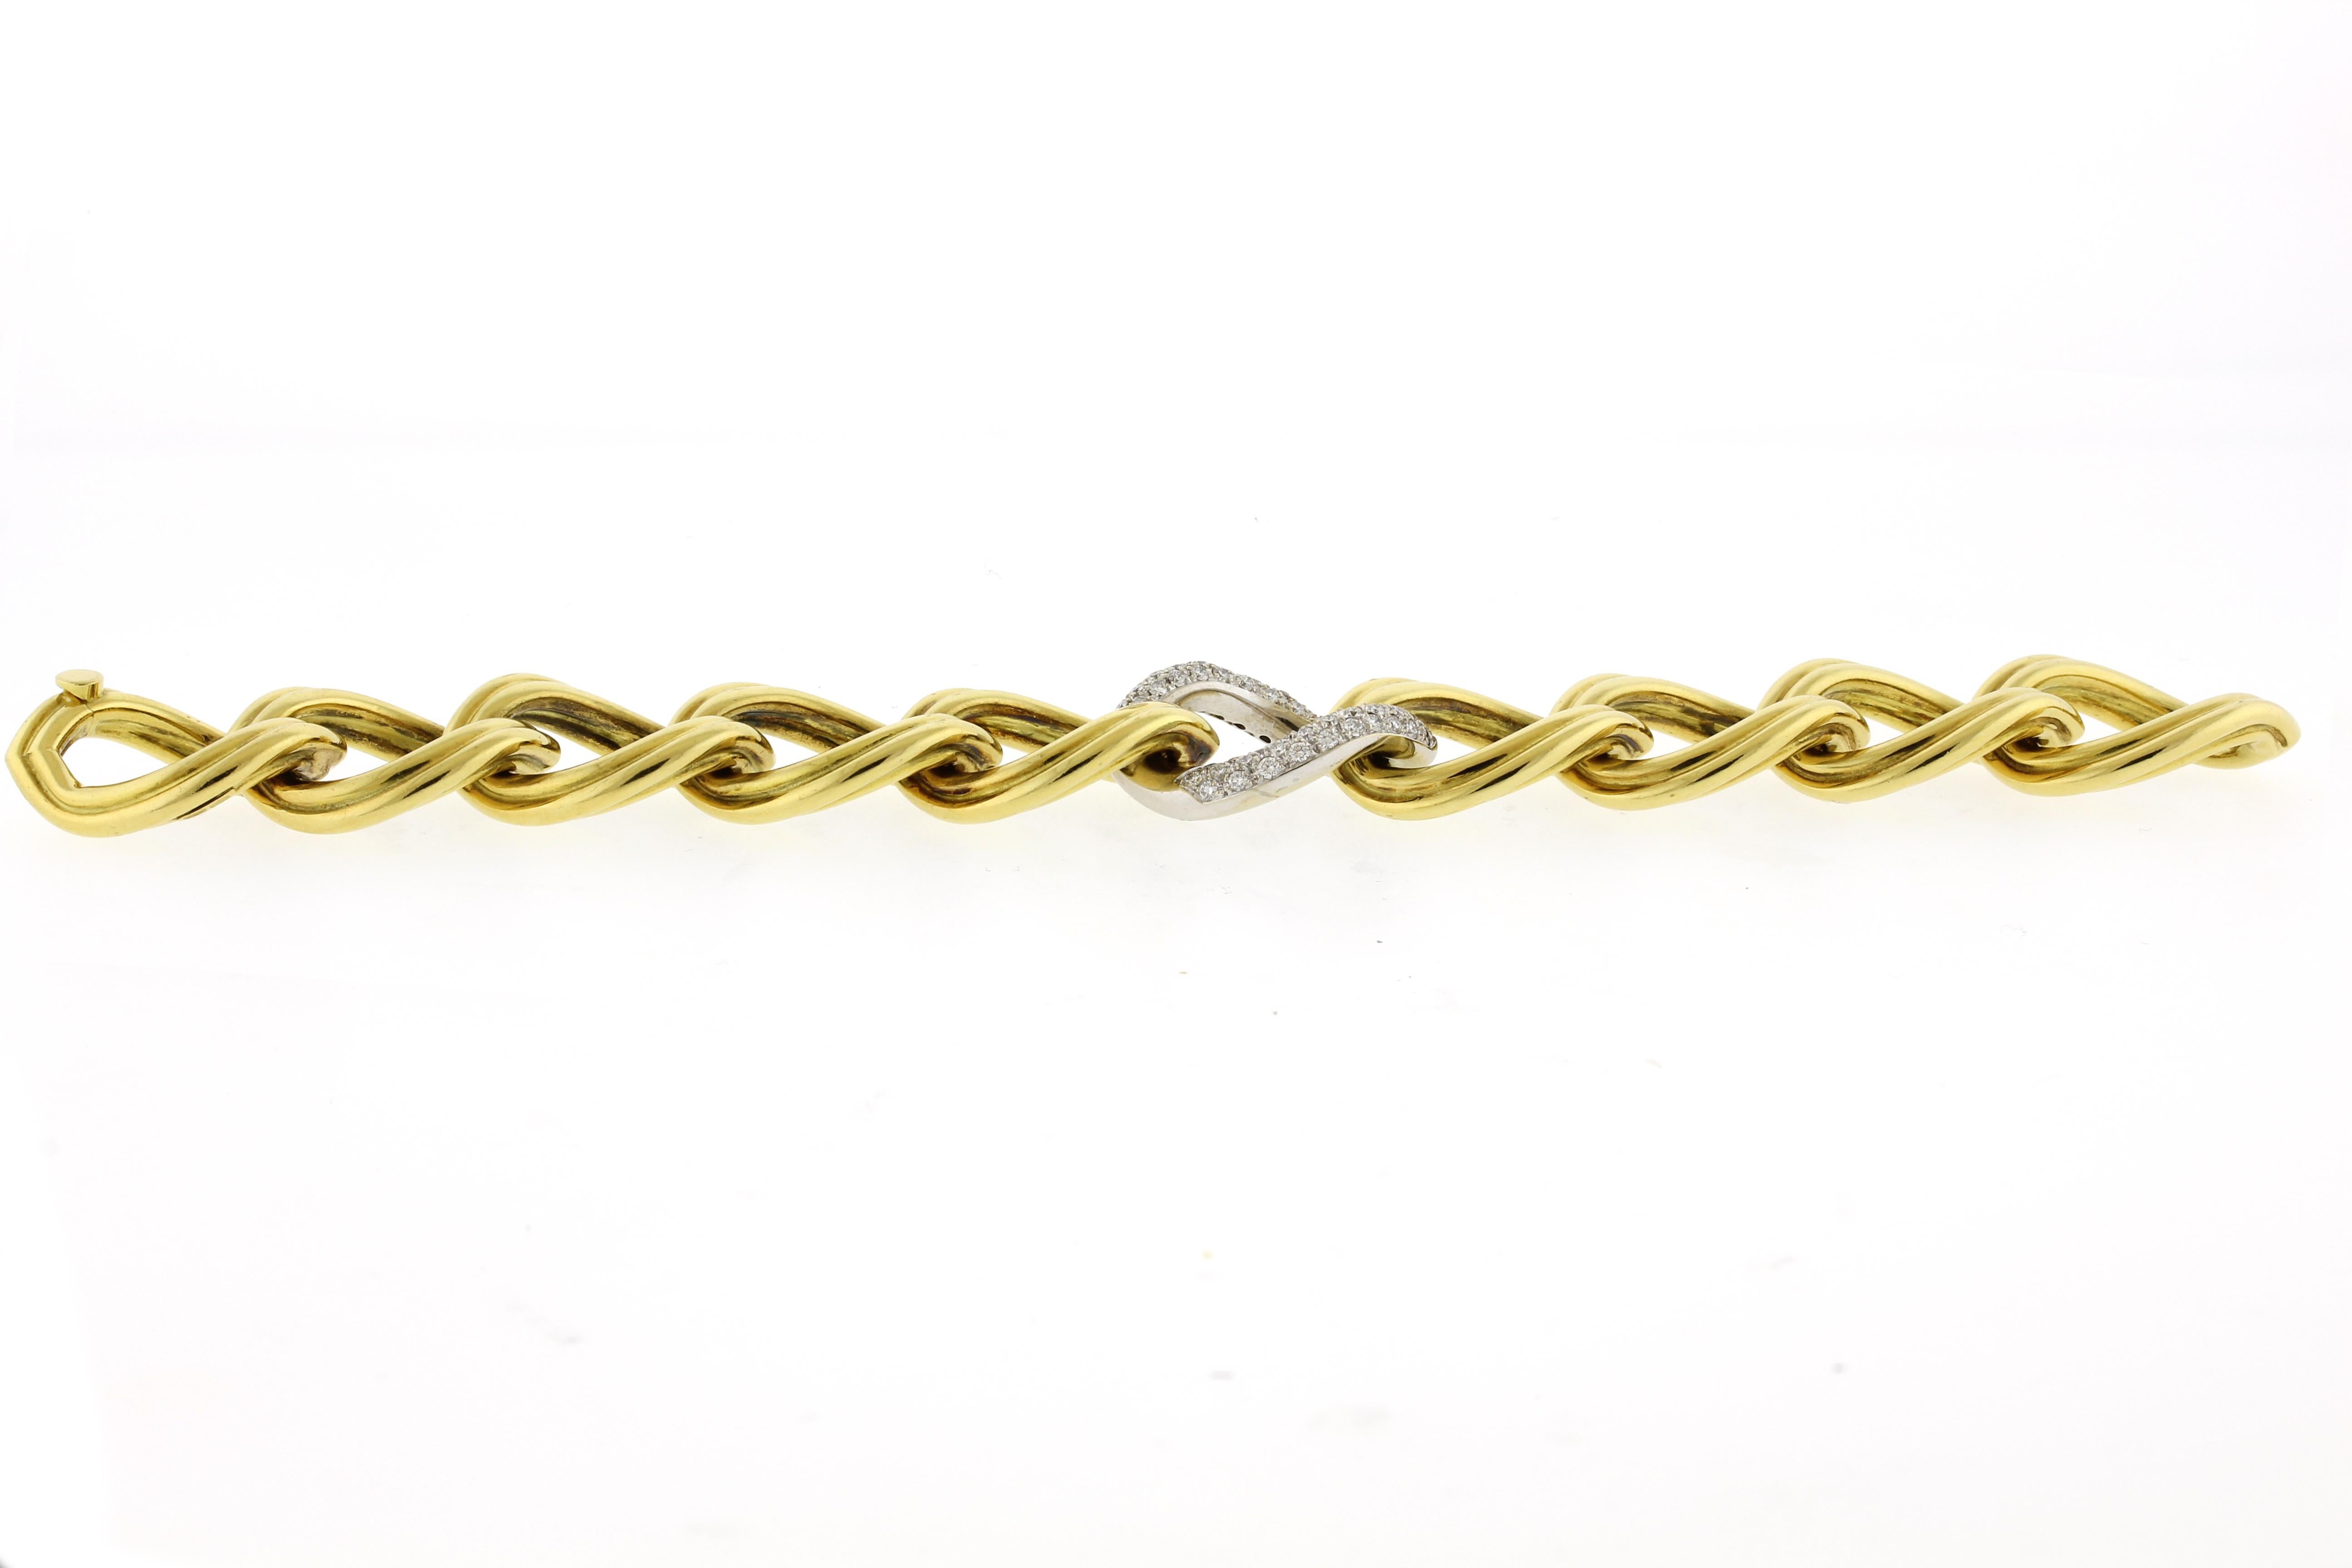 This 18-karat yellow and white gold bracelet features fluted large oval links and one center with pave diamonds.  The diamonds are G color and VS clarity.
♦ Metal: 18 Karat
♦ Length: 8 inches
♦ Width: 3/4 of an inch
♦ Diamonds: 70=1.66cts
♦ Weight:

▶ **Exercise**
Print nothing but the lines from the line with "Metal: 18 Karat" to the last line of the records above. Both of those lines count.

▶ **Result**
♦ Metal: 18 Karat
♦ Length: 8 inches
♦ Width: 3/4 of an inch
♦ Diamonds: 70=1.66cts
♦ Weight:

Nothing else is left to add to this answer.